When it comes to the Child Development Center there is the past, the present and the future. Those whose careers were made possible in the early days of the Smucker’s support include Danielle Ammaccapane, Pat Hurst, Carin Koch, Catrin Nilsmark, Denise Killeen, Juli Inkster, Catriona Matthew and Stupples.
“I couldn’t have played without it. Day care allowed me to go do my job knowing my children were in a safe, caring place. Life on tour is a unique traveling circus moving from place to place. Day care allowed us to be able to live that life.” – Former LPGA player Denise Killeen
The moms on tour now include Piller, Lewis, Icher, Suzann Pettersen and Cristie Kerr. And then there are the mothers in waiting: Sarah Jane Smith, Jackie Stoelting and Brittany Lincicome are expecting in 2019.
“I can’t fathom what I would have done without it,” said Killeen, a former player whose son, Drew, was born in 1998 and daughter, Kaleigh, came along in 2000. With her husband, John, a caddie on the LPGA since the 1980s, also on the road, day care was essential.

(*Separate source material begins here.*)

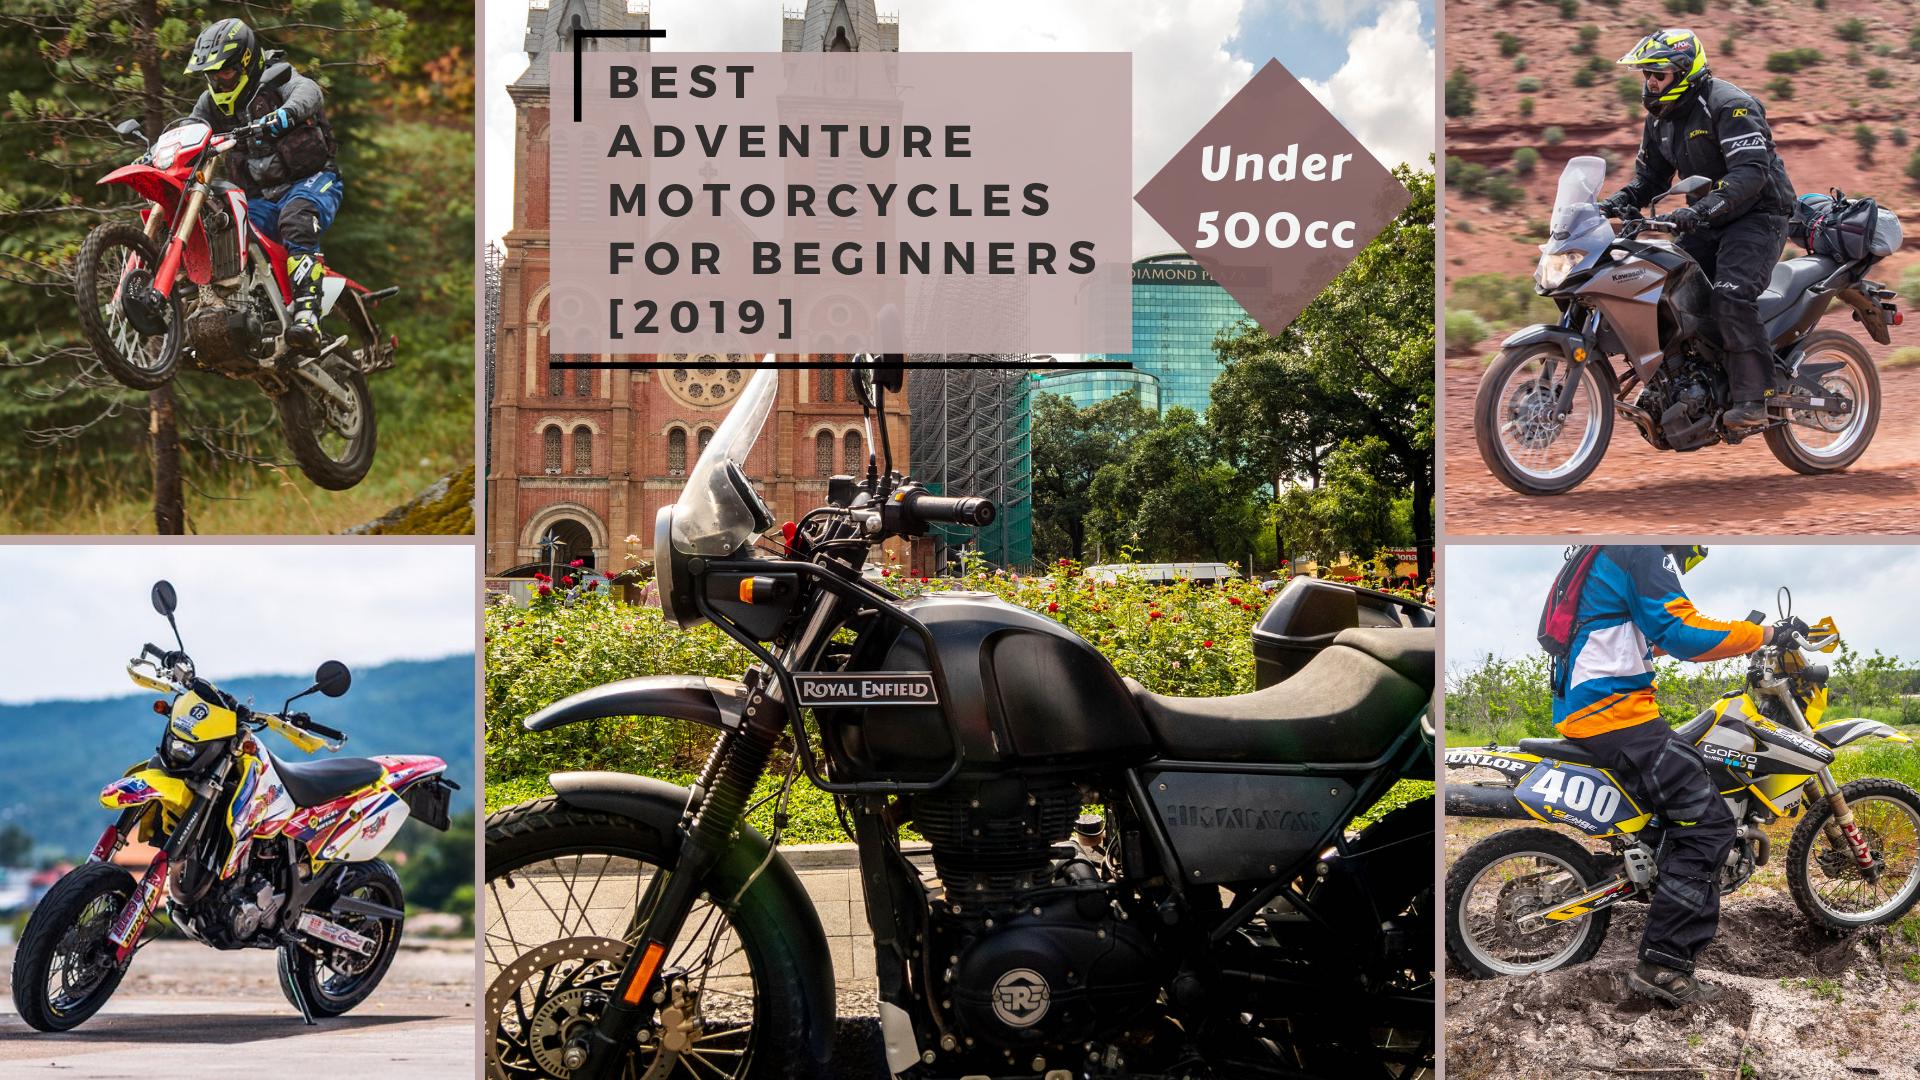 Best Adv Motorbikes For Beginners 2020 Under 500cc
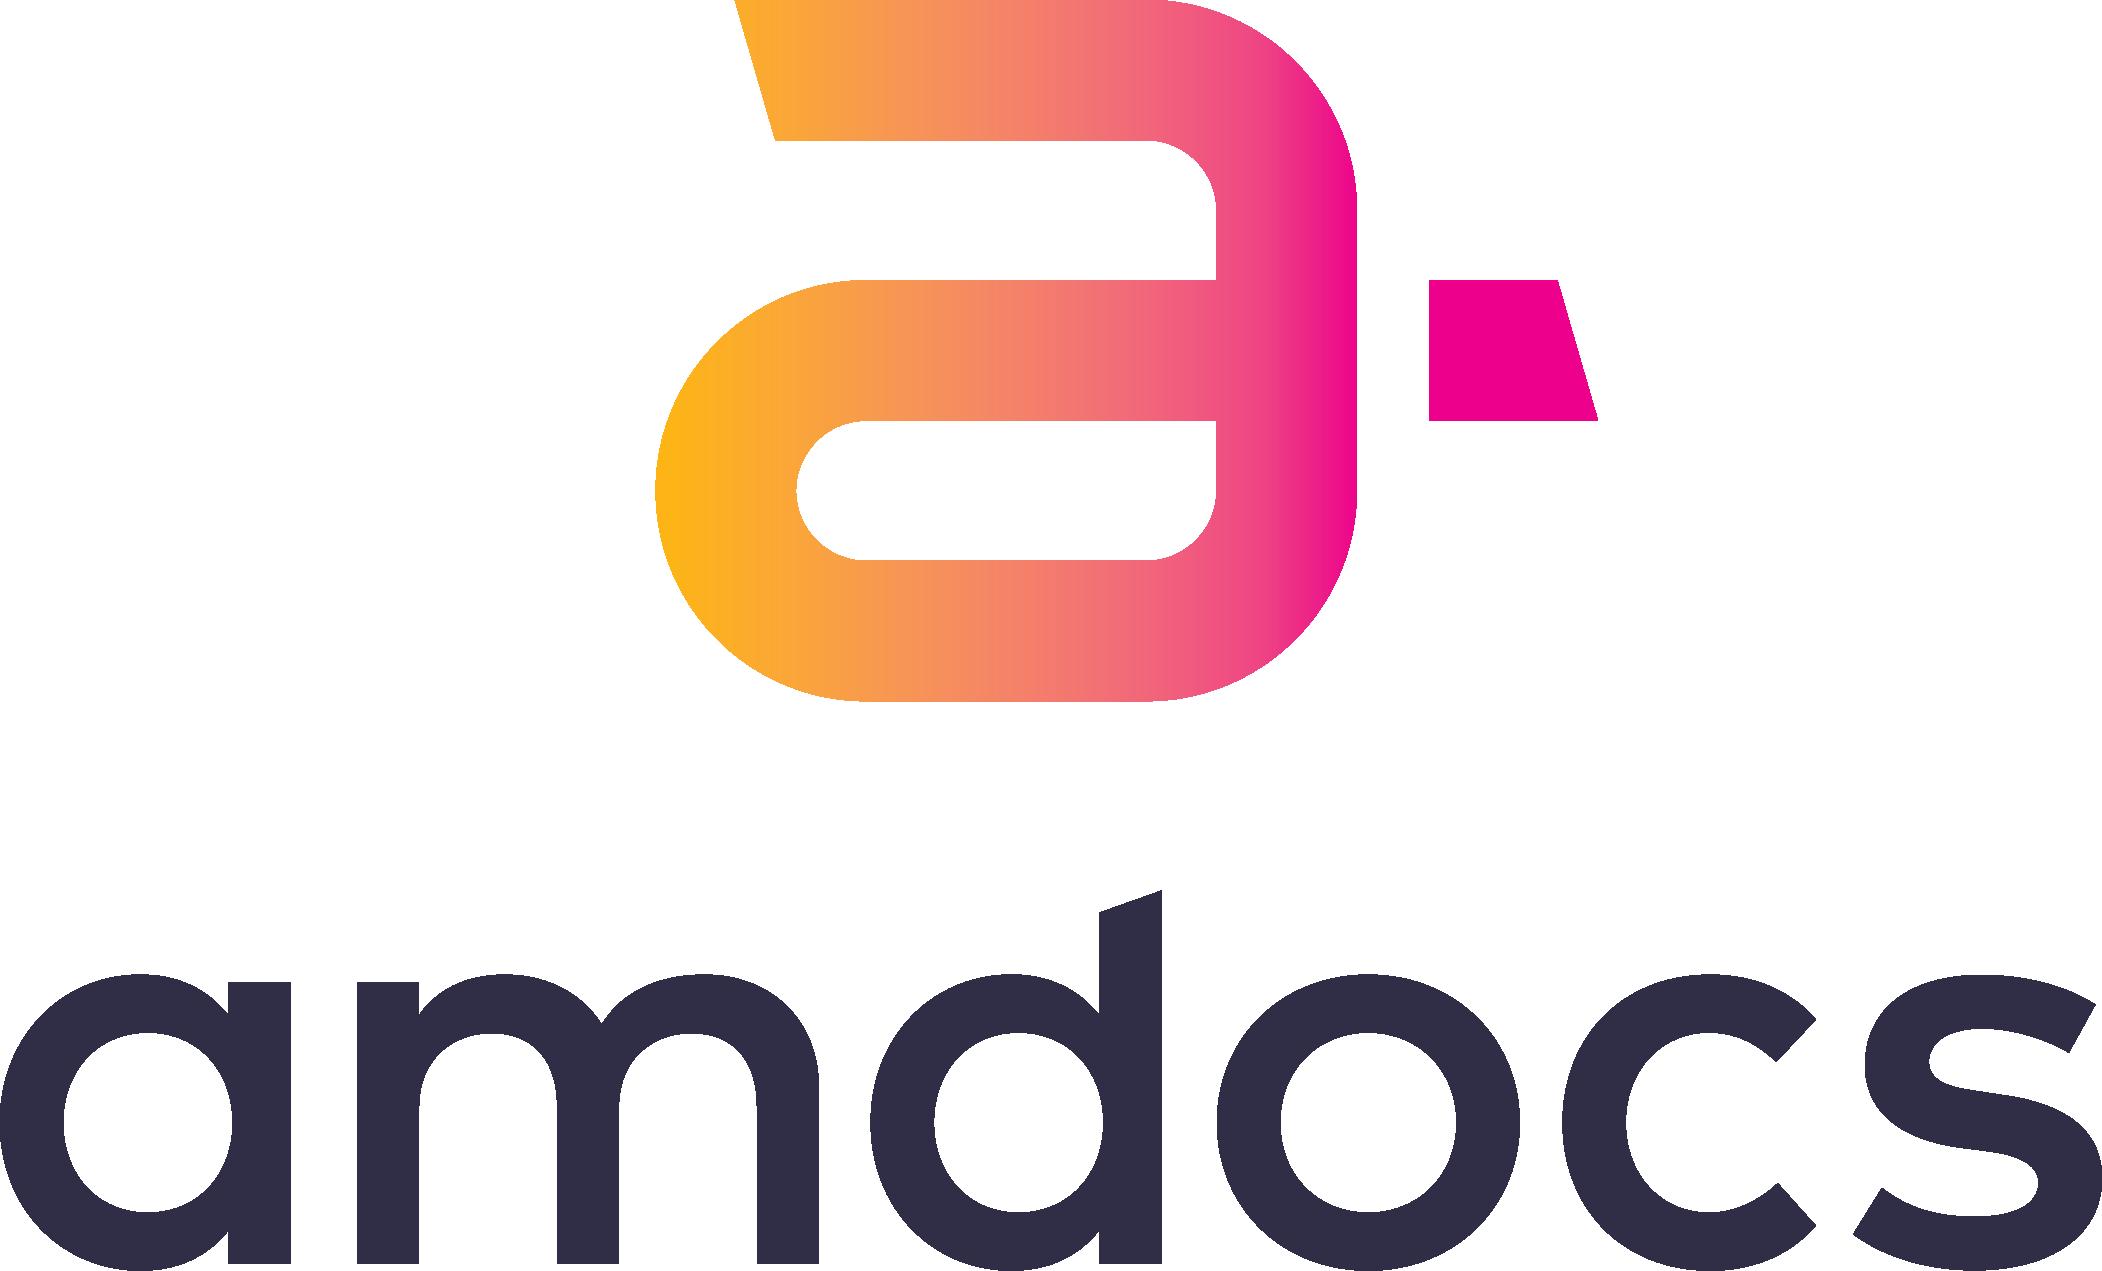 Amdocs Ltd

“I couldn’t have played without it,” Killeen said. “Day care allowed me to go do my job knowing my children were in a safe, caring place. Life on tour is a unique traveling circus moving from place to place. Day care allowed us to be able to live that life.”
Tour life is very much like being in a circus. The entourage rolls into town on Monday, plays a practice round, the pro-am, the tournament, then rolls on to the next town. It’s a tight family and when Smucker’s came along to support childcare the family became closer.
“When they started it, Tony (Verive) ran childcare, Keith (Kendall) did the fitness trailer and I had the equipment van,” said Paul Boehmer, who still is the equipment guru for the LPGA. “So we were childcare, health care and club care,” Boehmer said. “The players called us the Care Bears.”
The impact of the childcare facility is enormous. Earlier this year, at the Hugel-Air Premia L.A. Open, Lewis had to take her daughter to the hospital before her husband, Gerrod, arrived at the tournament, causing her to get just a few hours of sleep before her round.
“The lady at day care said if that happens again you better call me and she would help me at night if I was by myself,” Lewis said.
The Child Development Center supported by Smucker’s makes it possible for women to live the life of an LPGA player. For 25 years, with some of its alumni now out of college, it’s been a safe haven for children so Mom can go about her job with peace of mind – just like Rosie the Riveter.